Living rooms, dens, kitchens, even bedrooms: Investigators followed students into the spaces where homework gets done. Pens poised over their “study observation forms,” the observers watched intently as the students—in middle school, high school, and college, 263 in all—opened their books and turned on their computers.

For a quarter of an hour, the investigators from the lab of Larry Rosen, a psychology professor at California State University–Dominguez Hills, marked down once a minute what the students were doing as they studied. A checklist on the form included: reading a book, writing on paper, typing on the computer—and also using email, looking at Facebook, engaging in instant messaging, texting, talking on the phone, watching television, listening to music, surfing the Web. Sitting unobtrusively at the back of the room, the observers counted the number of windows open on the students’ screens and noted whether the students were wearing earbuds.

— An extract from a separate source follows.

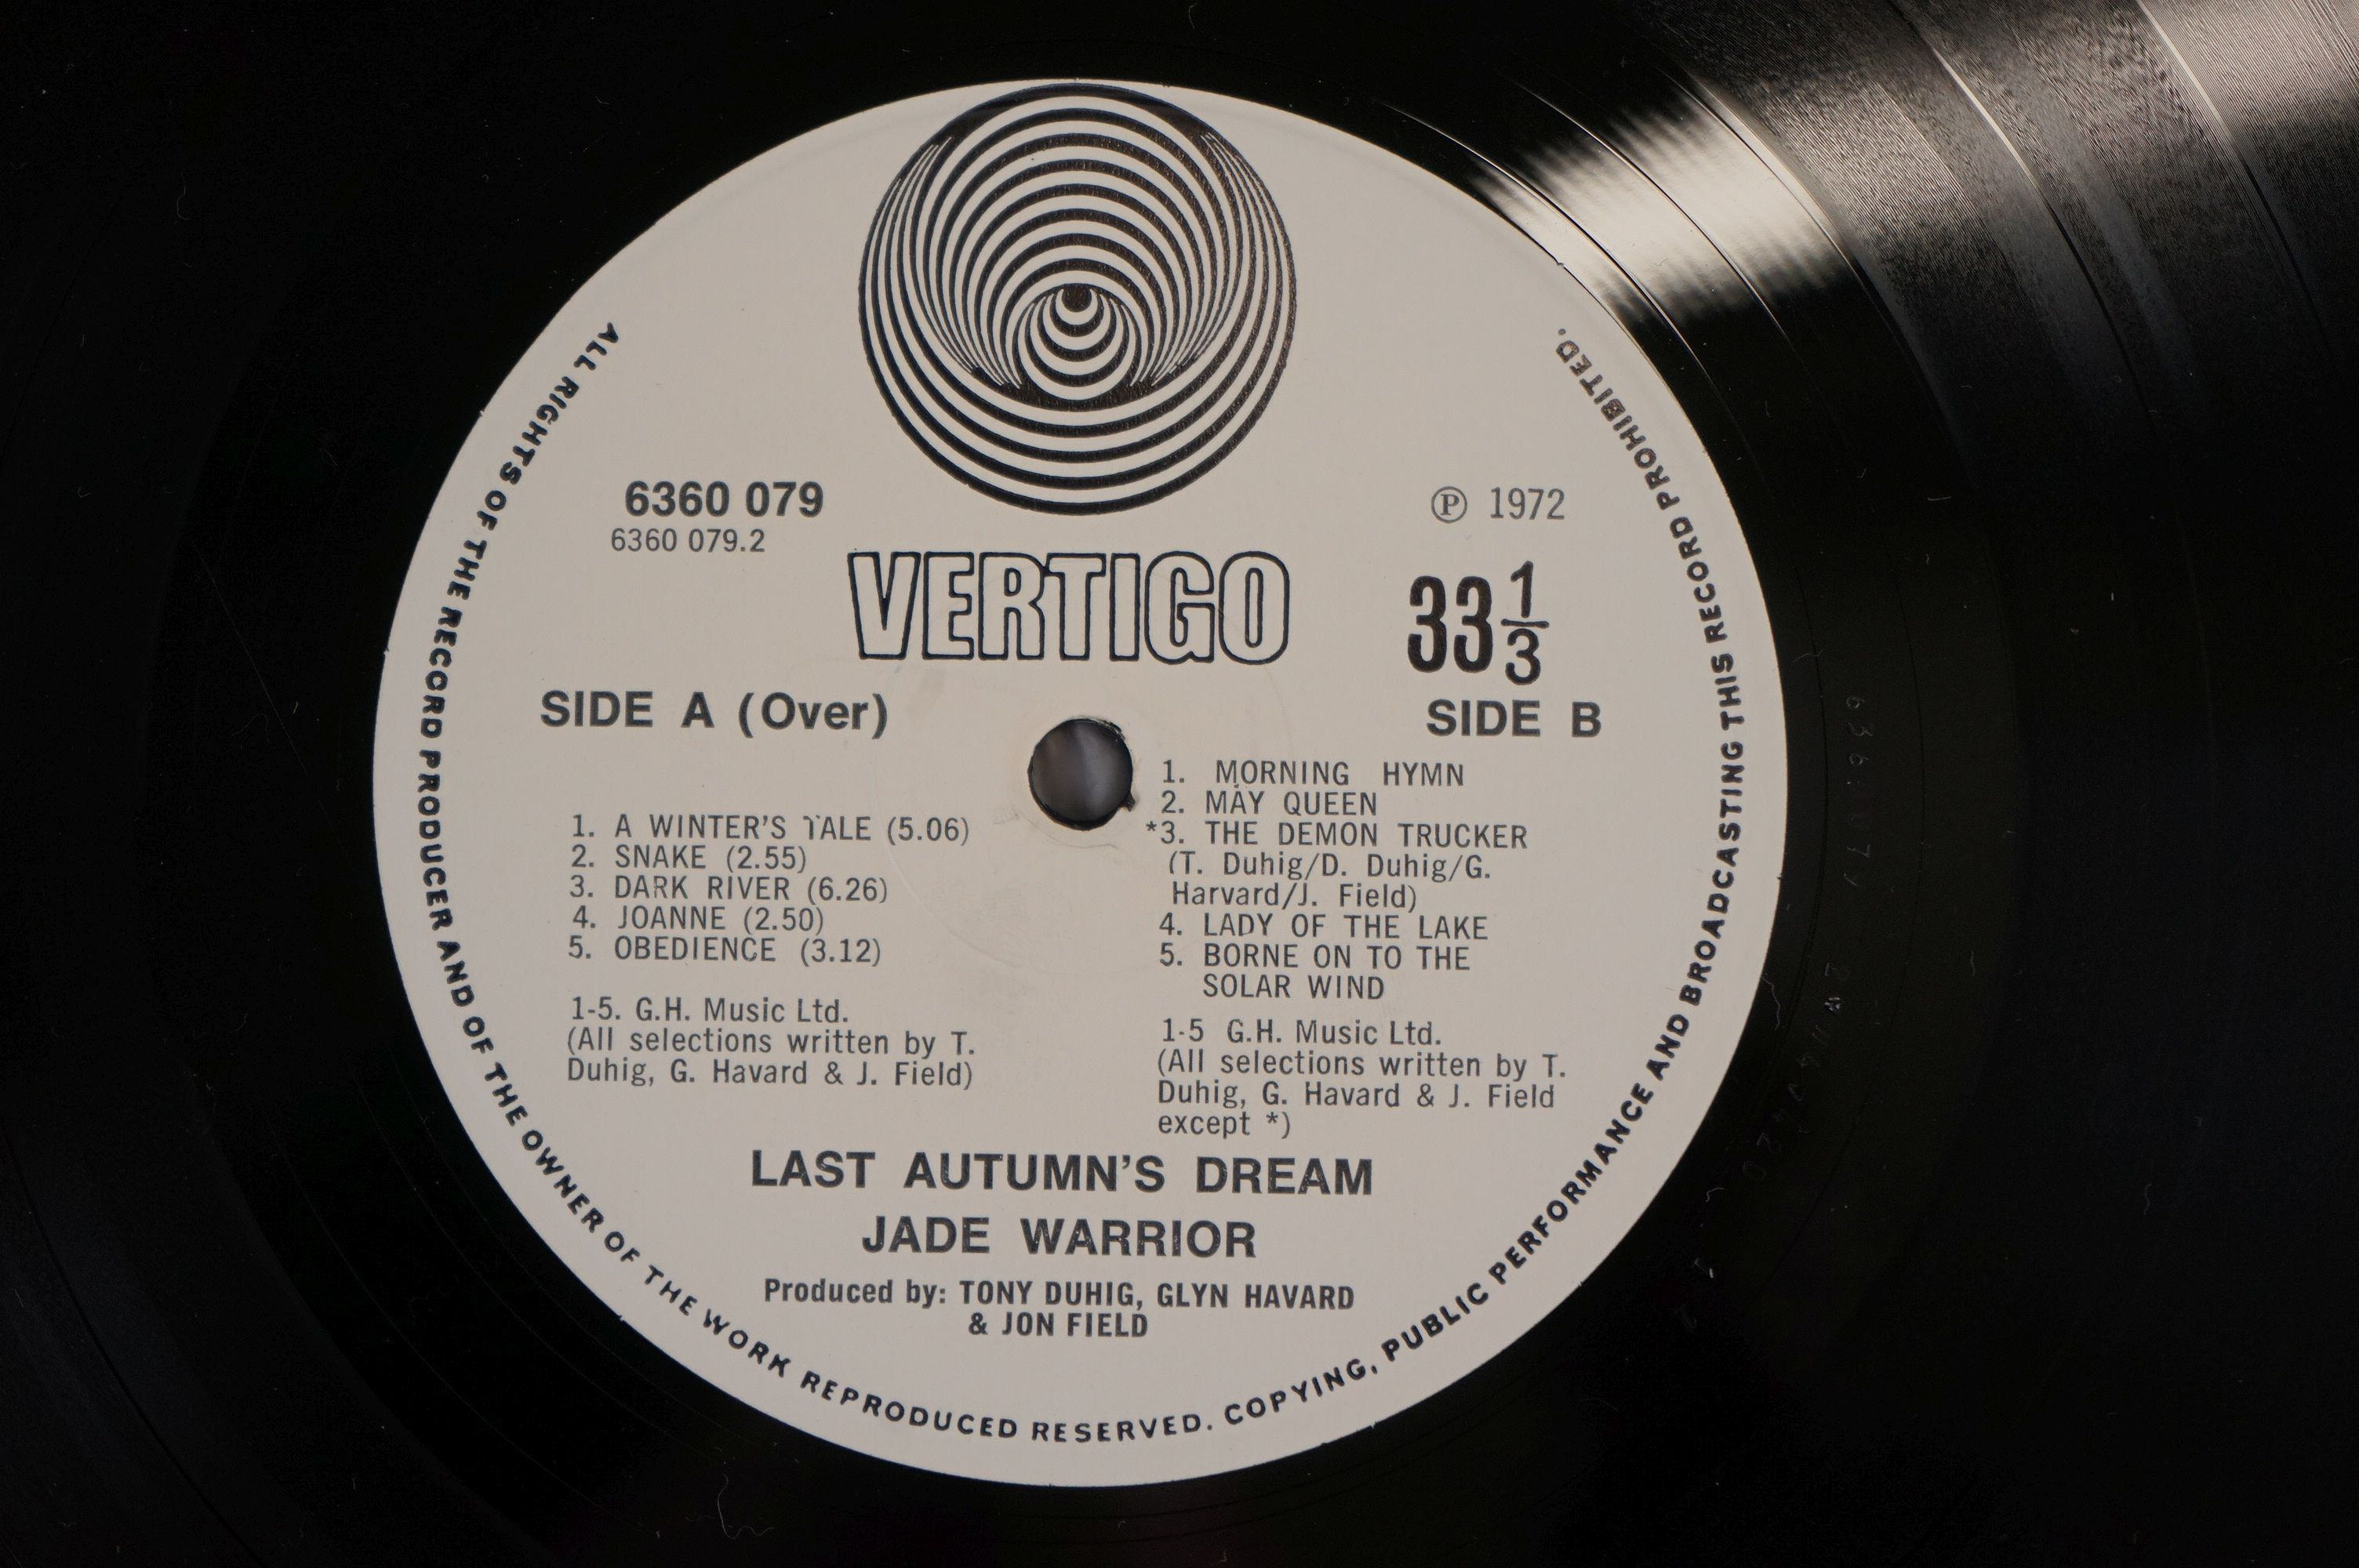 Vinyl - Four Jade Warrior LPs to include Last Autumn Dream LP on Vertigo Deluxe 6360079 gatefold - Image 9 of 9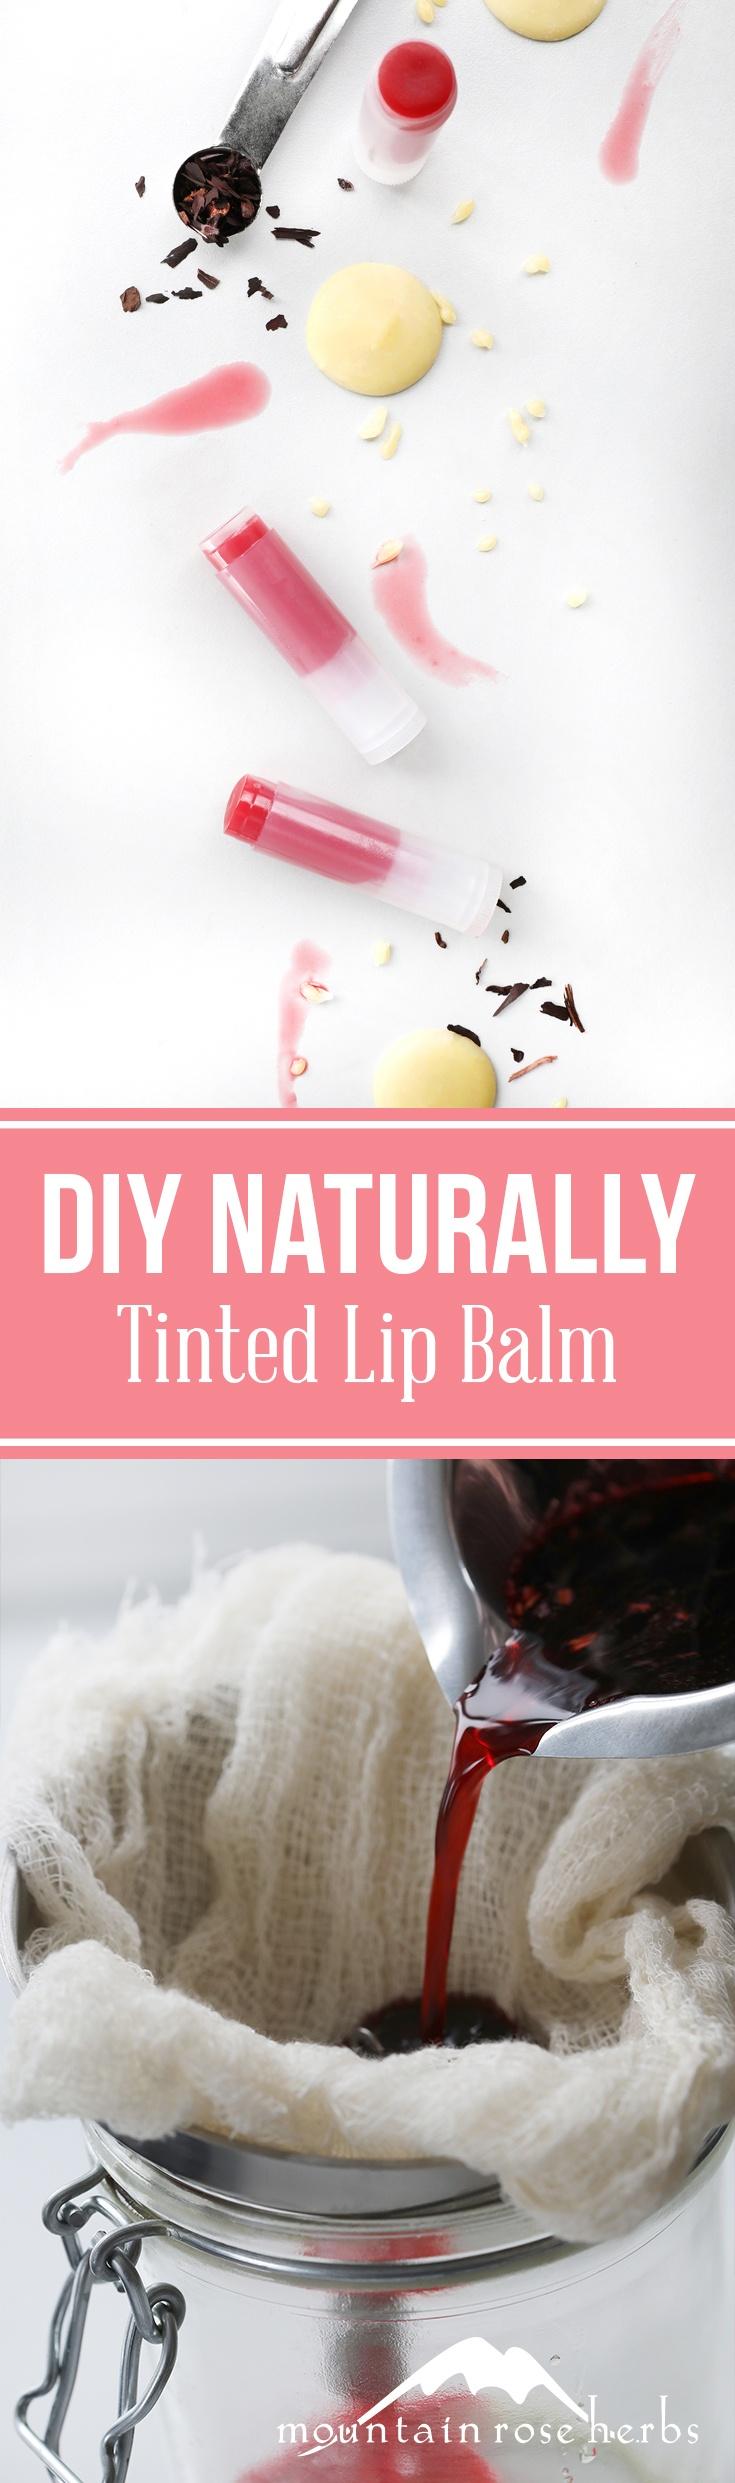 DIY Naturally Tinted Lip Balm Pin

Although the students had been told at the outset that they should “study something important, including homework, an upcoming examination or project, or reading a book for a course,” it wasn’t long before their attention drifted: Students’ “on-task behavior” started declining around the two-minute mark as they began responding to arriving texts or checking their Facebook feeds. By the time the 15 minutes were up, they had spent only about 65 percent of the observation period actually doing their schoolwork.

“We were amazed at how frequently they multitasked, even though they knew someone was watching,” Rosen says. “It really seems that they could not go for 15 minutes without engaging their devices,” adding, “It was kind of scary, actually.”

Concern about young people’s use of technology is nothing new, of course. But Rosen’s study, published in the May issue of Computers in Human Behavior, is part of a growing body of research focused on a very particular use of technology: media multitasking while learning. Attending to multiple streams of information and entertainment while studying, doing homework, or even sitting in class has become common behavior among young people—so common that many of them rarely write a paper or complete a problem set any other way.

But evidence from psychology, cognitive science, and neuroscience suggests that when students multitask while doing schoolwork, their learning is far spottier and shallower than if the work had their full attention. They understand and remember less, and they have greater difficulty transferring their learning to new contexts. So detrimental is this practice that some researchers are proposing that a new prerequisite for academic and even professional success—the new marshmallow test of self-discipline—is the ability to resist a blinking inbox or a buzzing phone.

The media multitasking habit starts early. In “Generation M2: Media in the Lives of 8- to 18-Year-Olds,” a survey conducted by the Kaiser Family Foundation and published in 2010, almost a third of those surveyed said that when they were doing homework, “most of the time” they were also watching TV, texting, listening to music, or using some other medium. The lead author of the study was Victoria Rideout, then a vice president at Kaiser and now an independent research and policy consultant. Although the study looked at all aspects of kids’ media use, Rideout told me she was particularly troubled by its findings regarding media multitasking while doing schoolwork.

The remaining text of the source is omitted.